AIM OF THE EXERCISE - All lines below starting at the one that holds "Tennis ITF M15" and ending at the one that holds "Farmer Cartoon Images" should be printed exactly, ends included. Pictures should not be printed, nor anything else.

MATERIAL SUPPLIED -
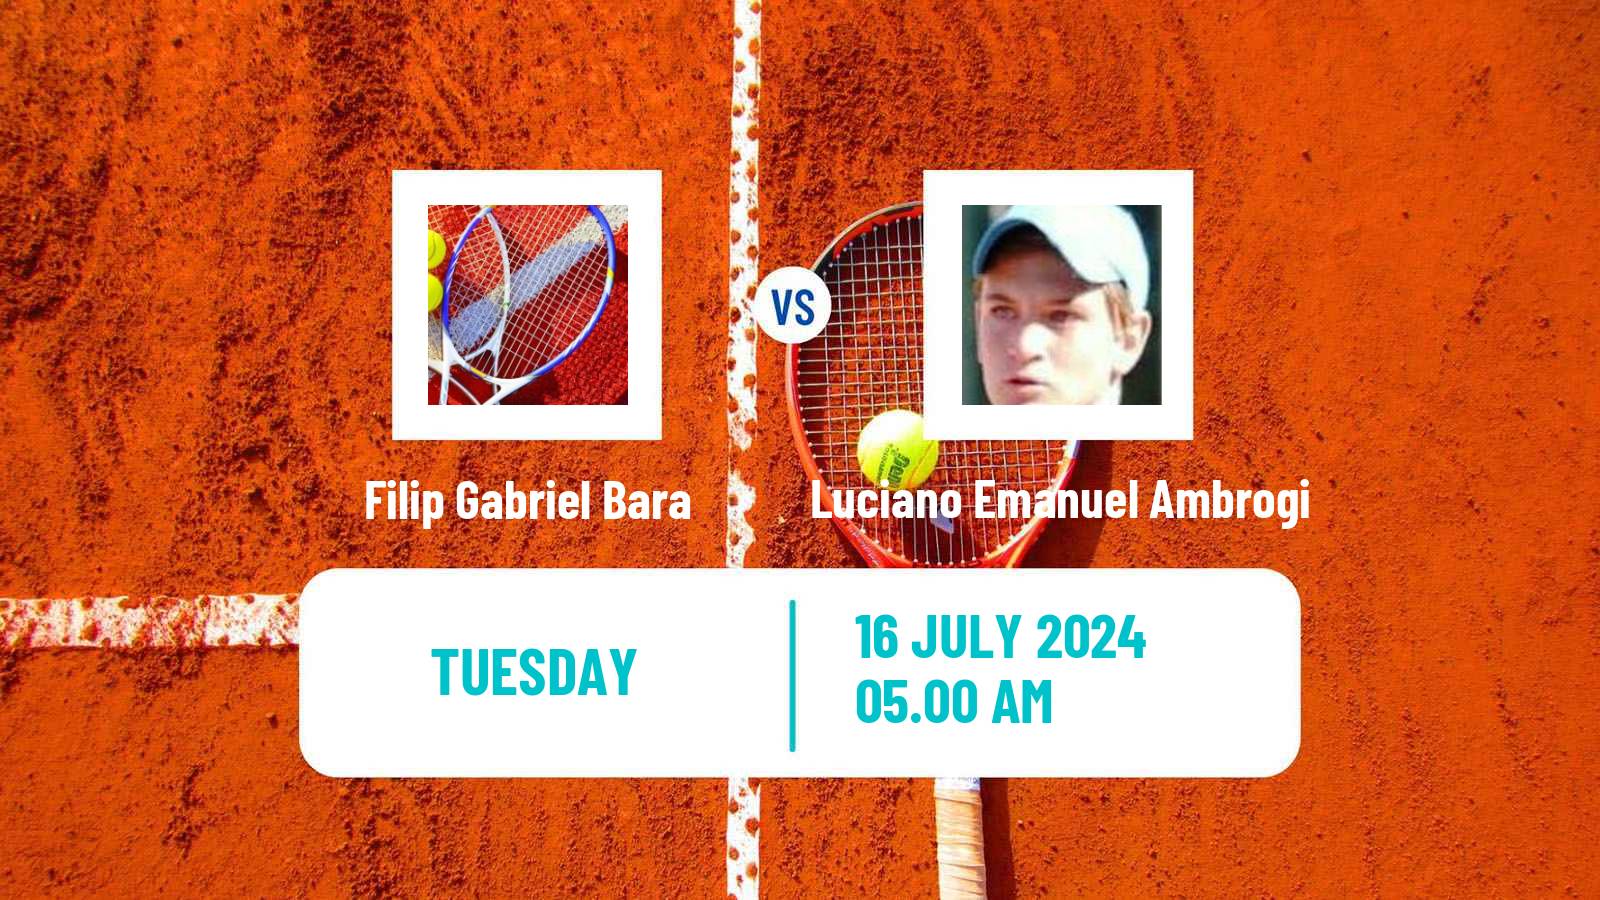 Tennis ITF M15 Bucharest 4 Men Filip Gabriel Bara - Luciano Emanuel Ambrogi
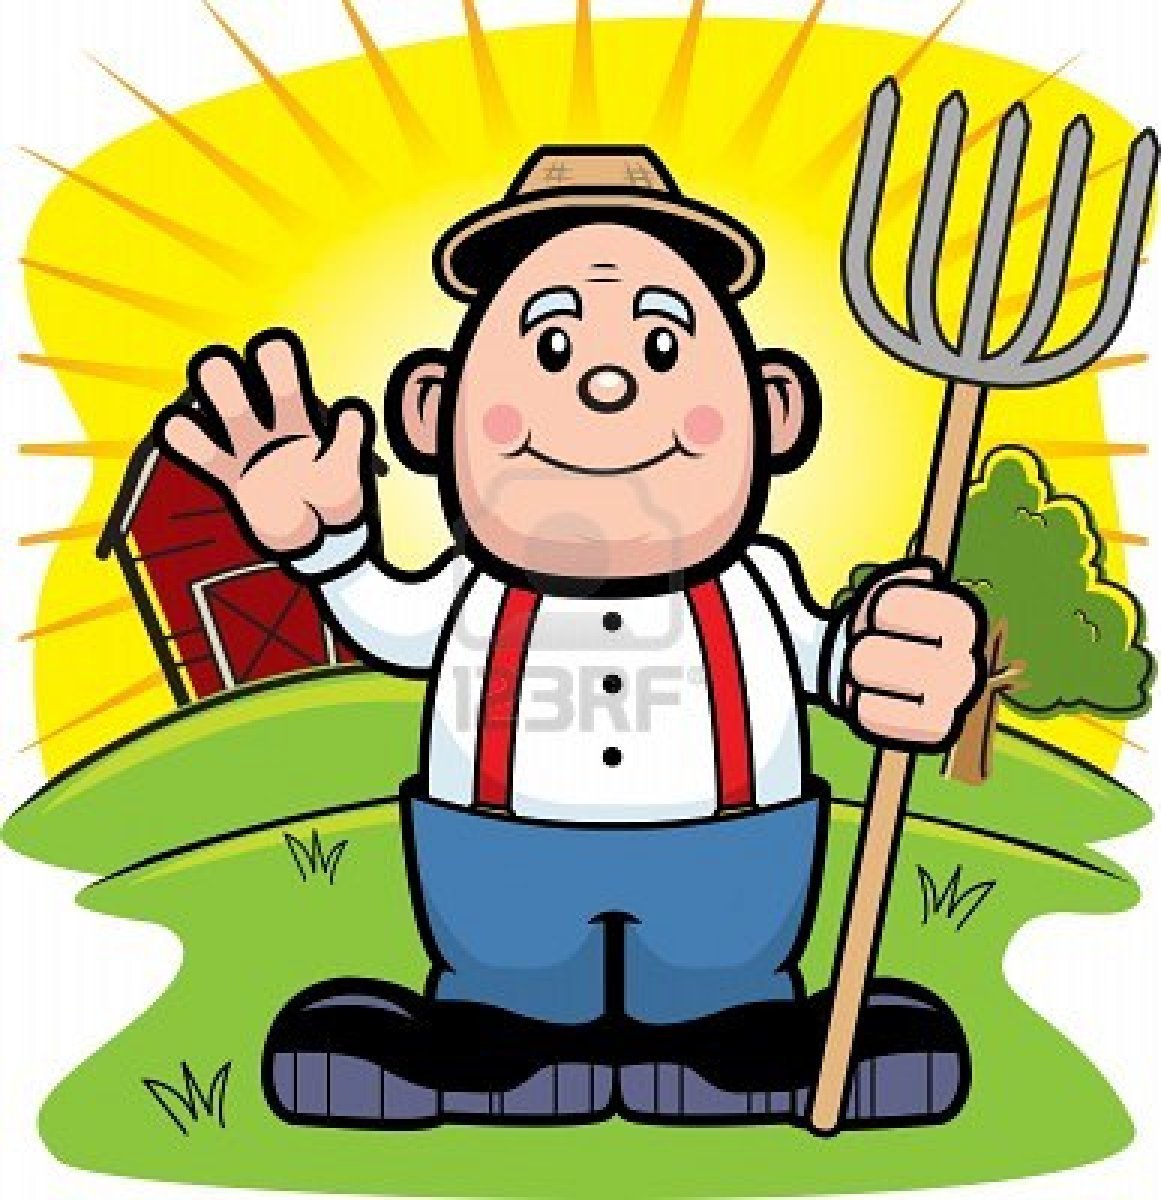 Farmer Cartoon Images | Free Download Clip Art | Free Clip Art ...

---

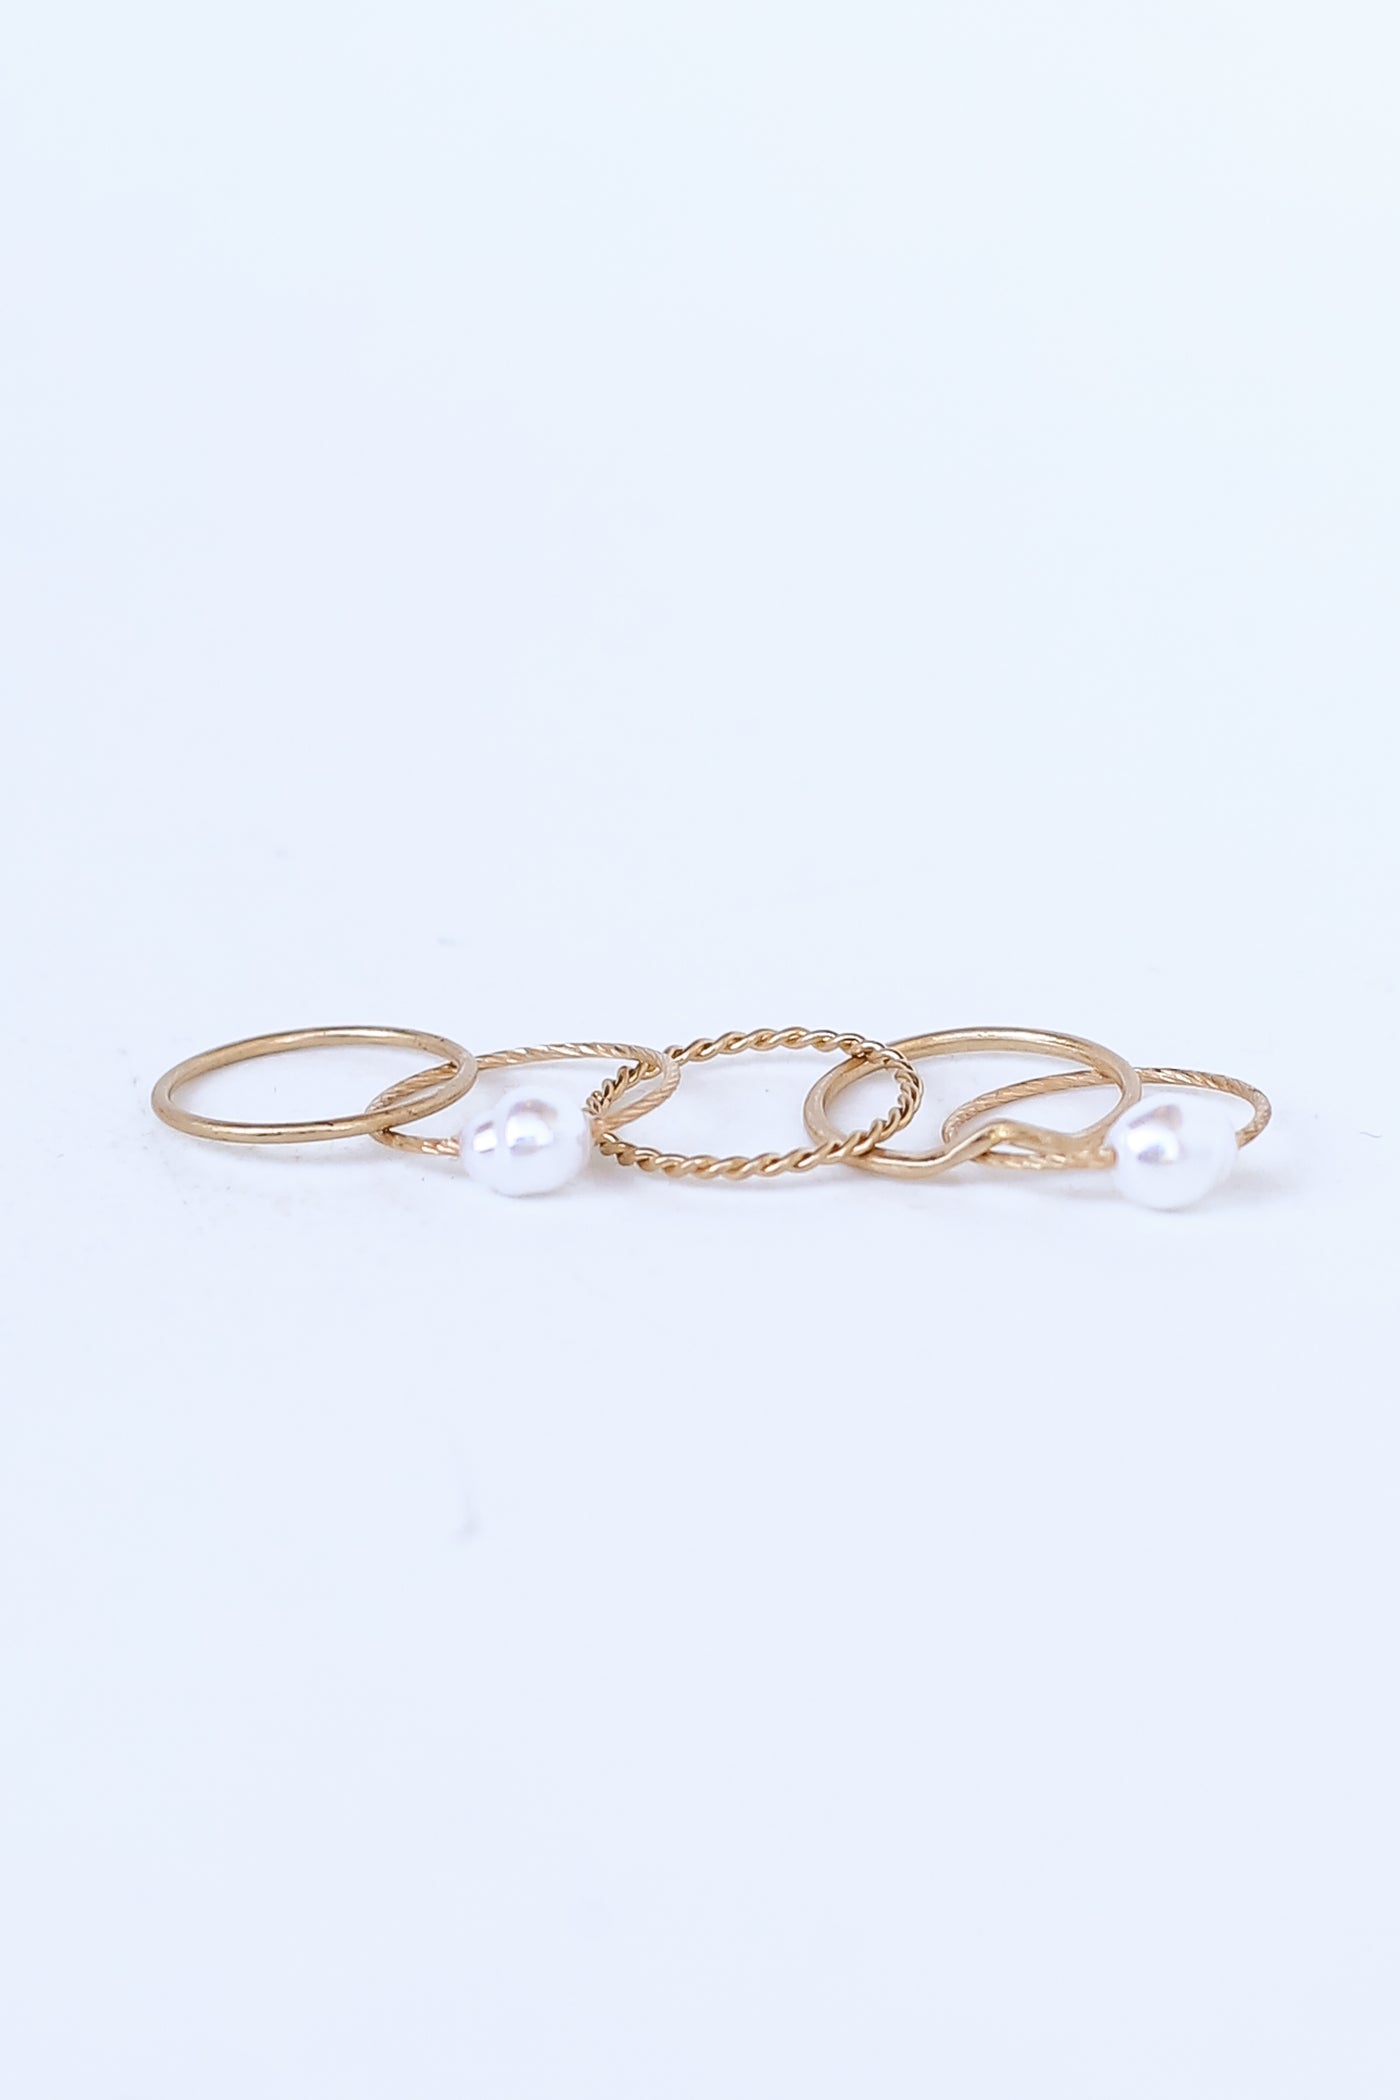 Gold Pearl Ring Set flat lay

---

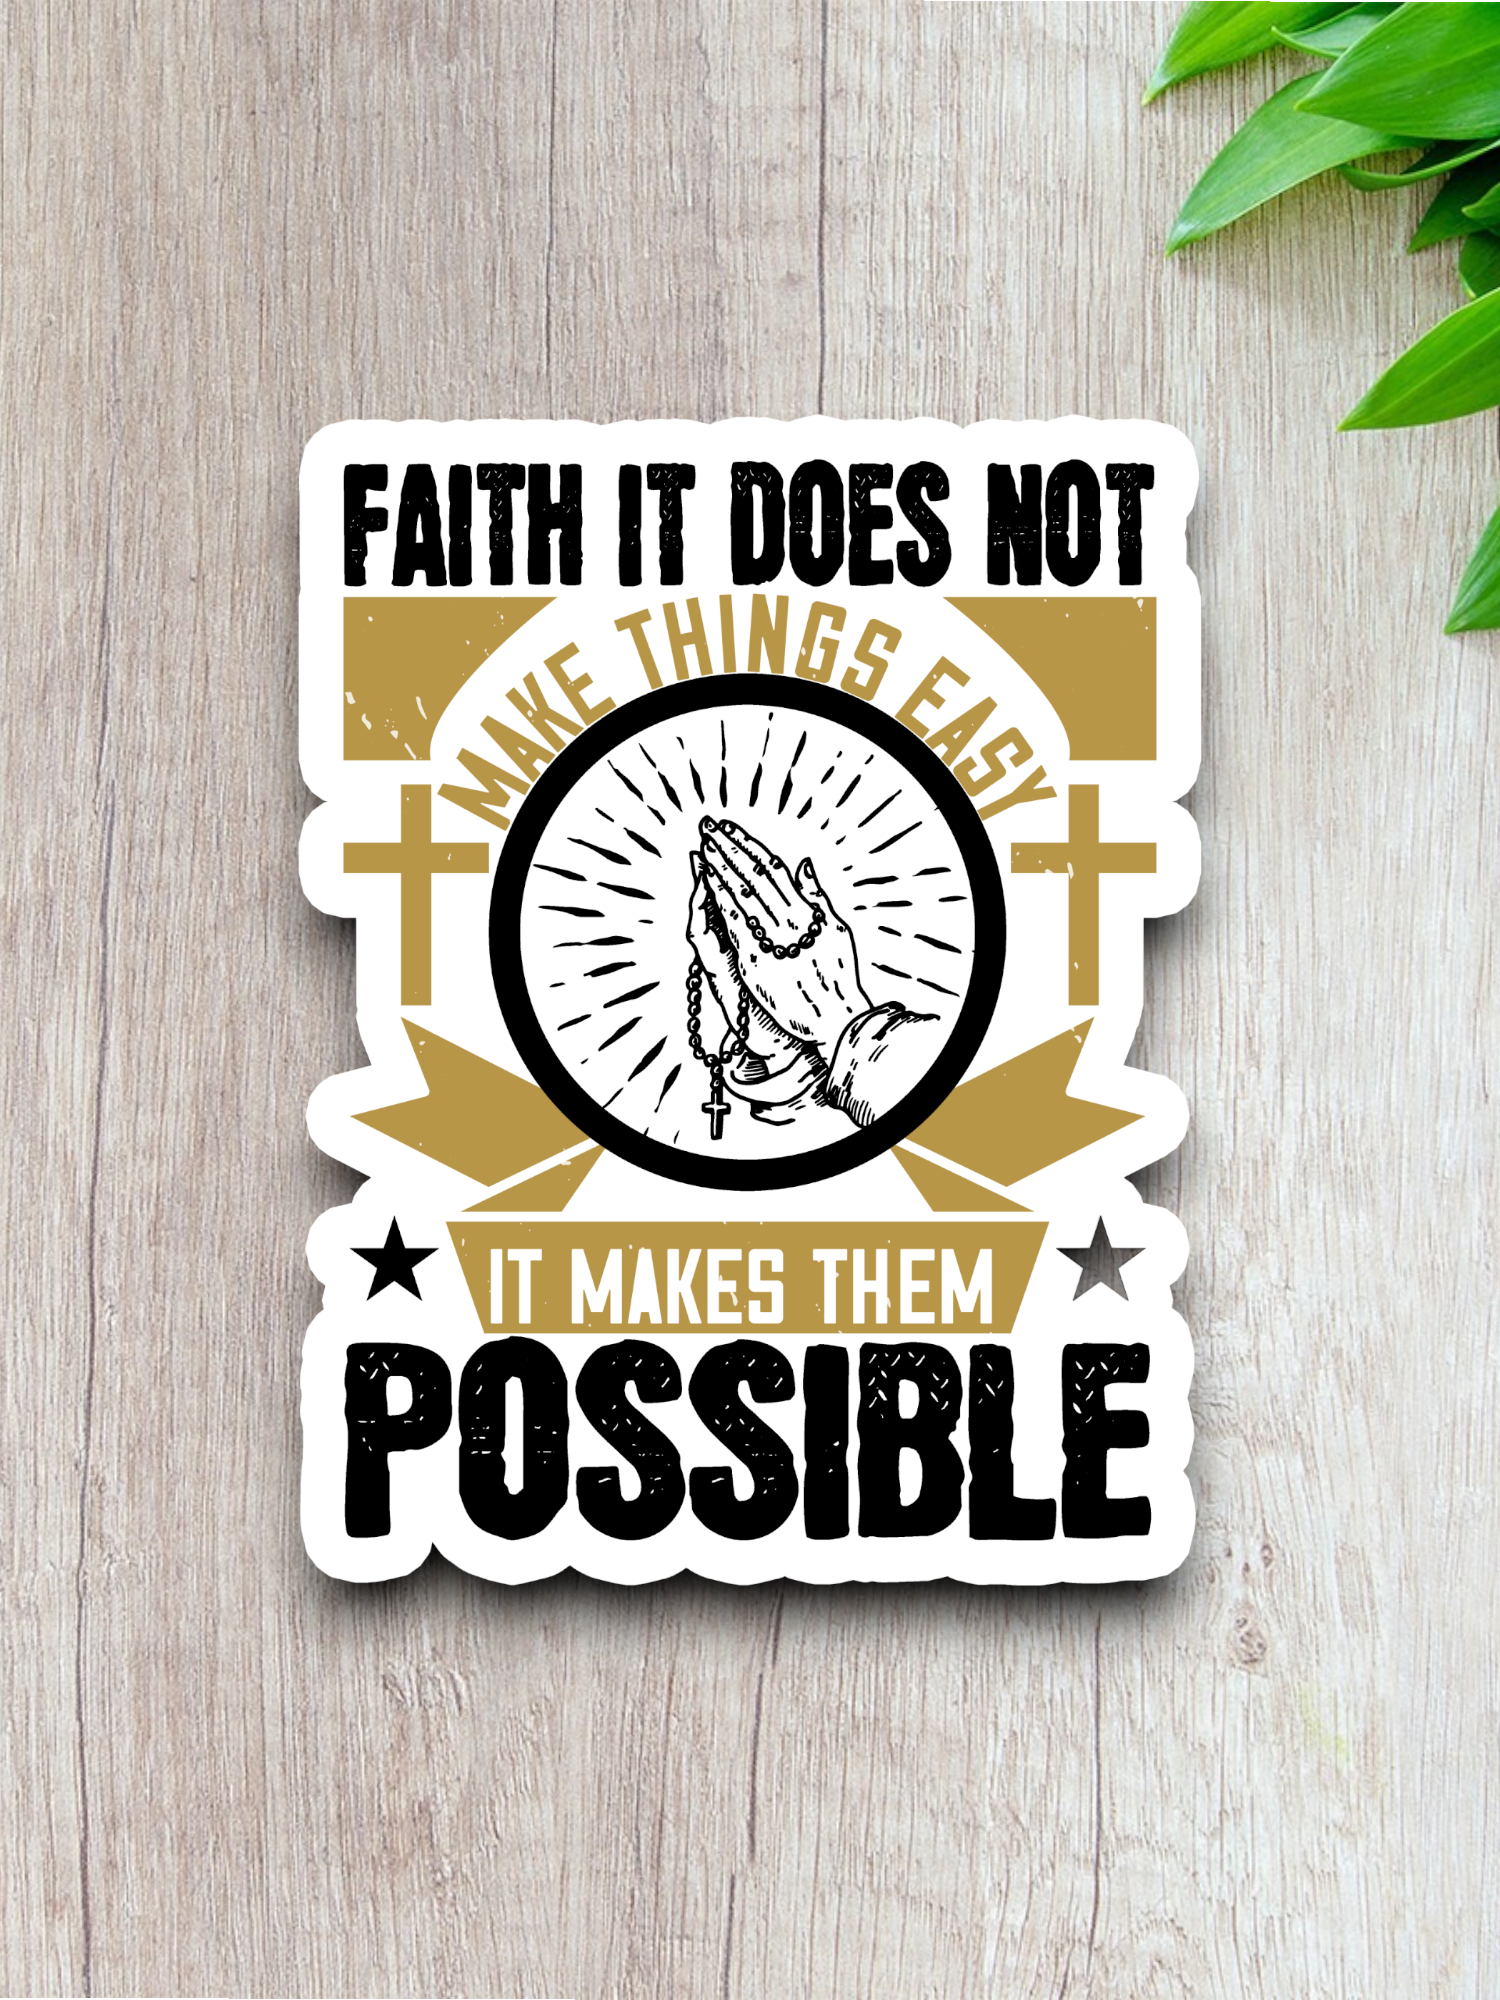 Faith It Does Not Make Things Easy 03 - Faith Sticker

ANSWER FOR THIS EXERCISE -
 Tennis ITF M15 Bucharest 4 Men Filip Gabriel Bara - Luciano Emanuel Ambrogi
 Farmer Cartoon Images | Free Download Clip Art | Free Clip Art ...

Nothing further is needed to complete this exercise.